▸ **GIVEN INFORMATION**
--------

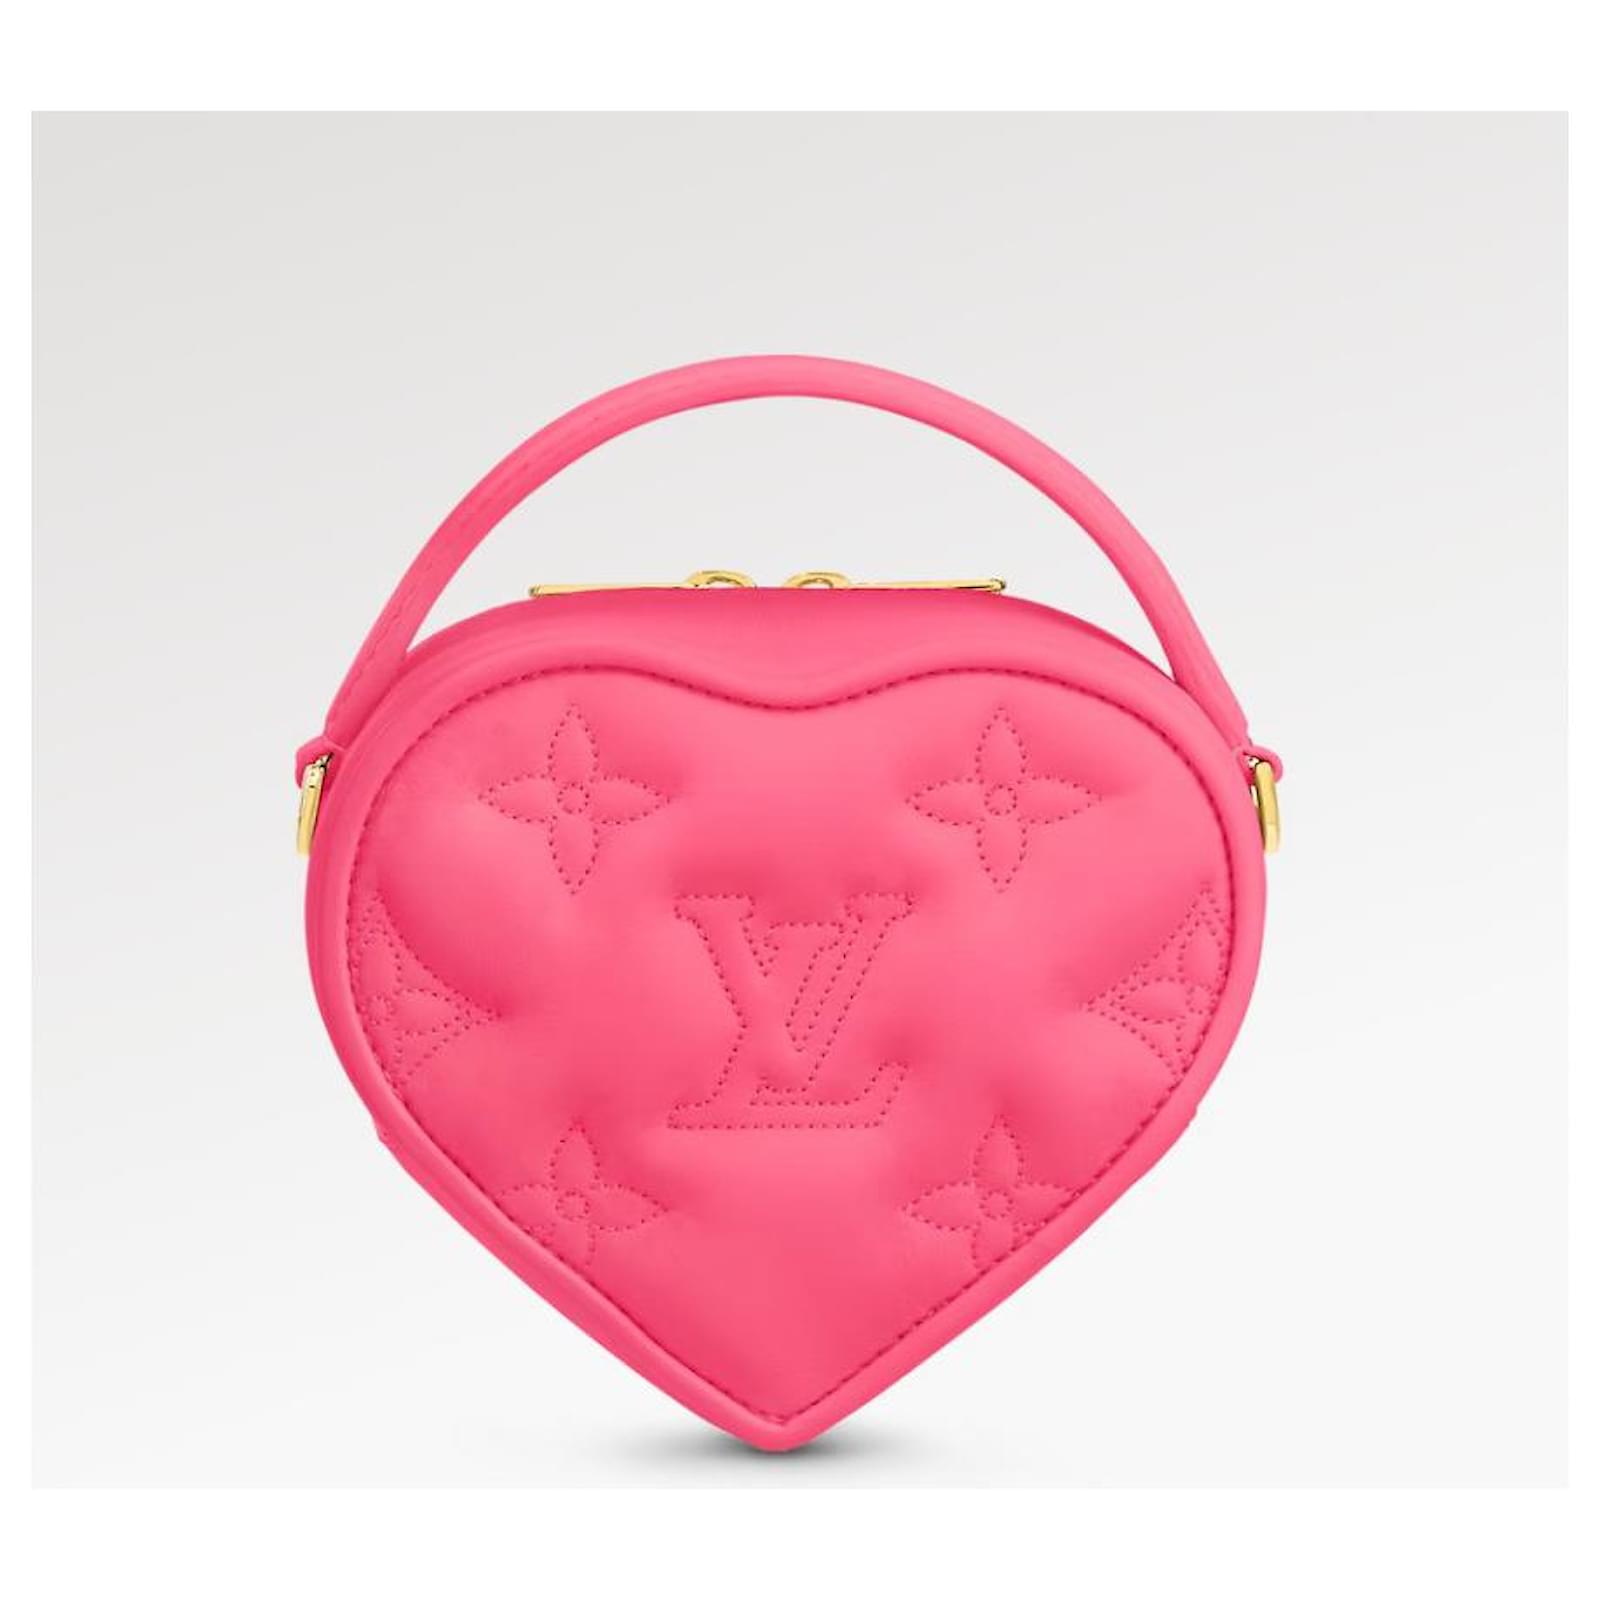 louis vuitton heart shaped bag
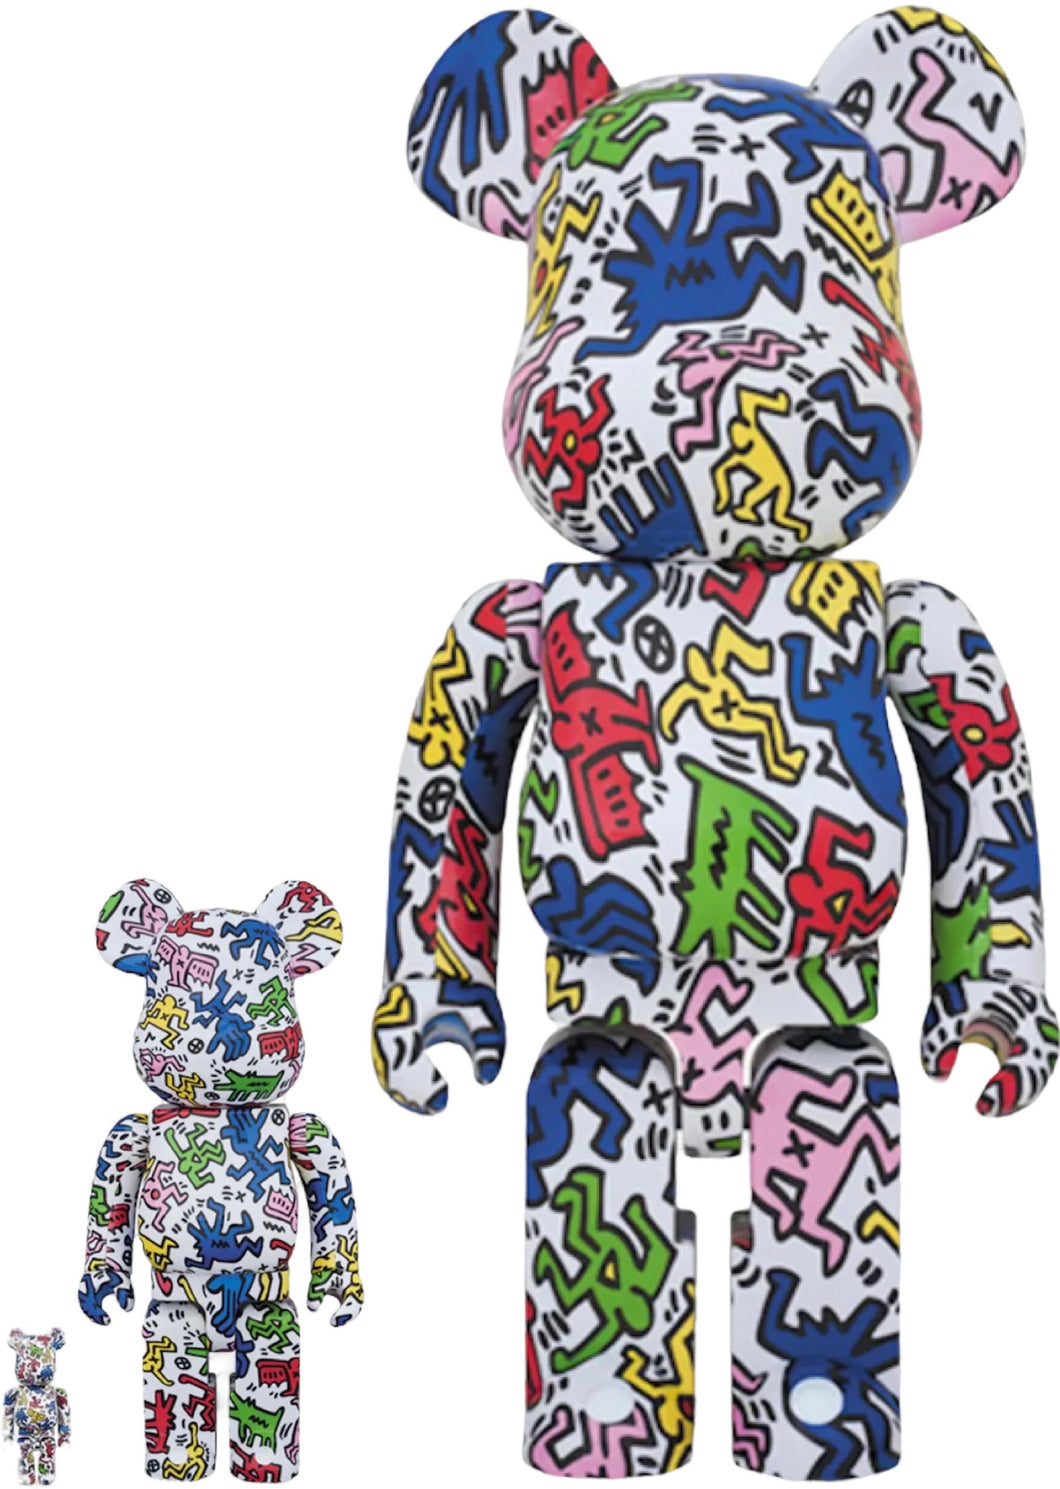 Bearbrick x Keith Haring #9
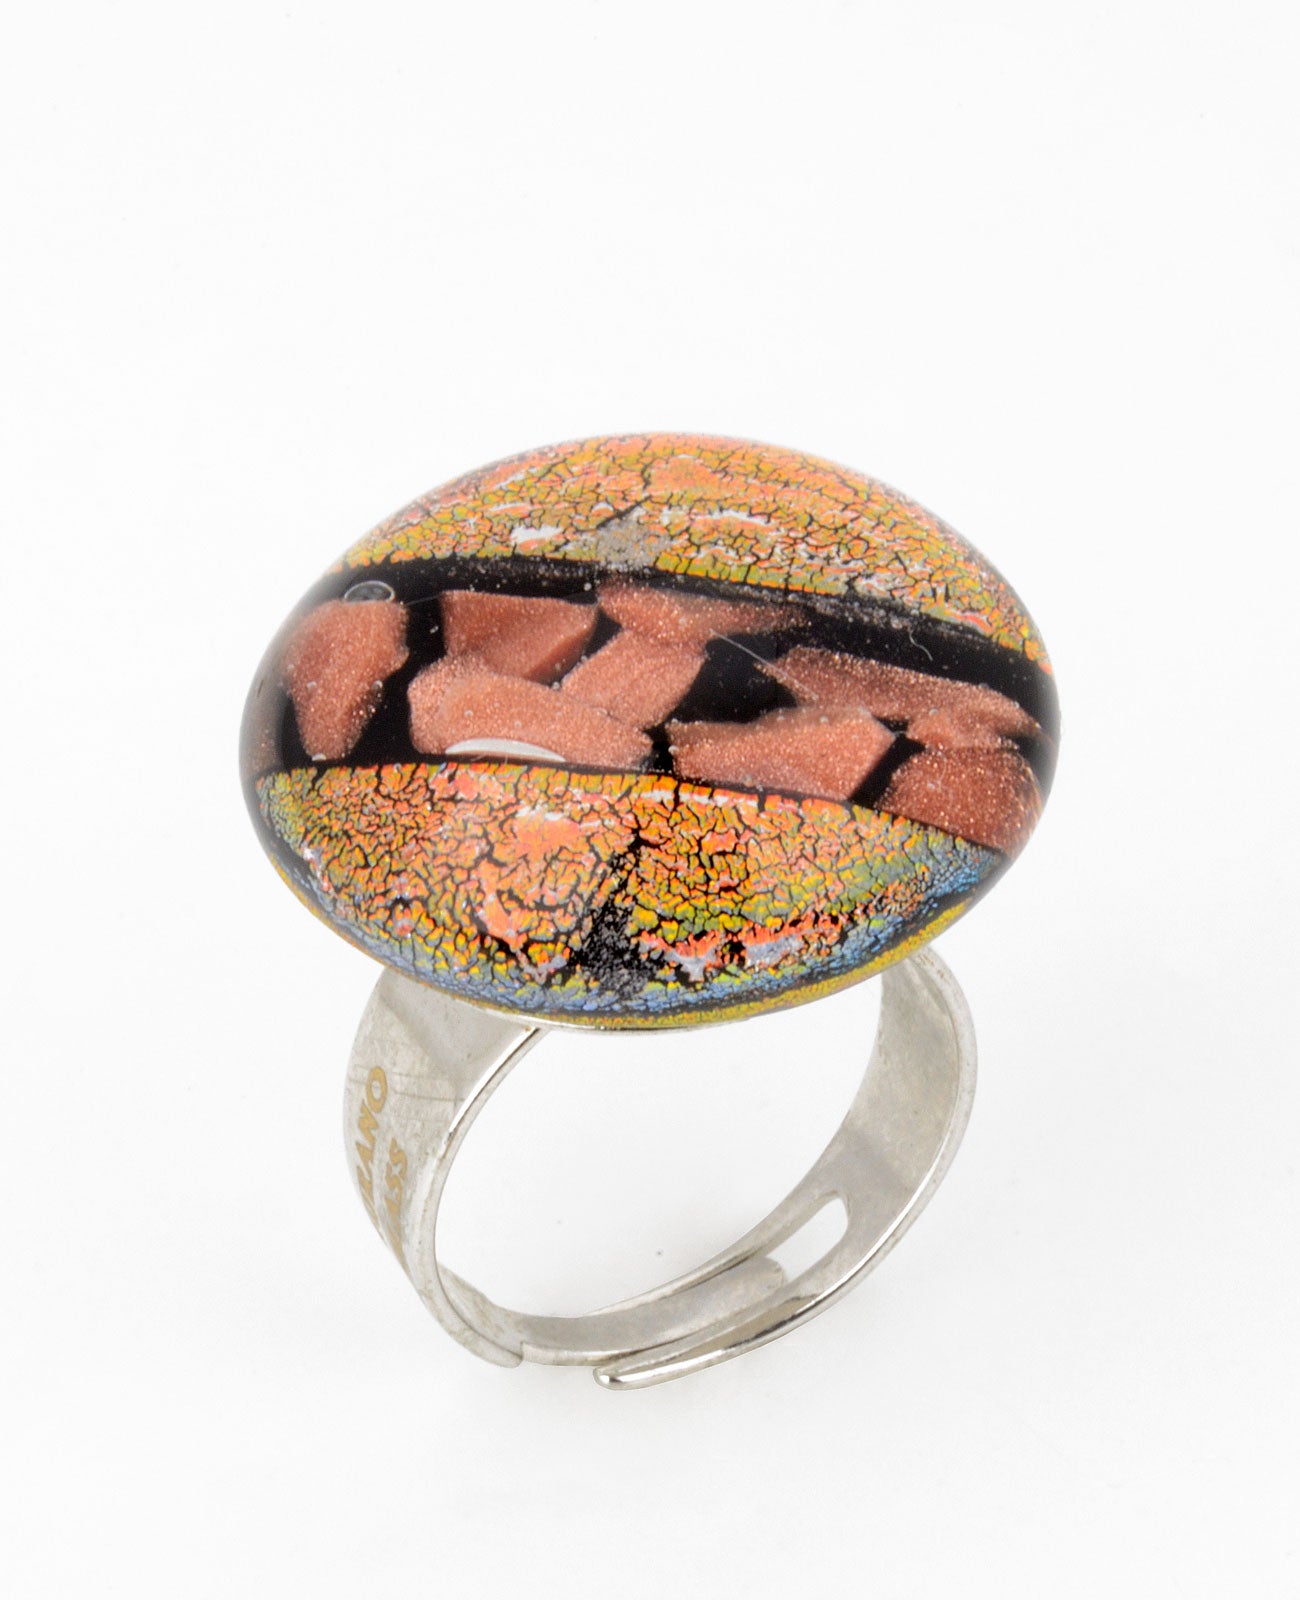 Planet Ring in Murano Glass - Vetri D'Arte

--------

Output the complete listing exactly. Pictures stay out.

▸ **YOUR RESPONSE**
 louis vuitton heart shaped bag
 Bearbrick x Keith Haring #9
 Planet Ring in Murano Glass - Vetri D'Arte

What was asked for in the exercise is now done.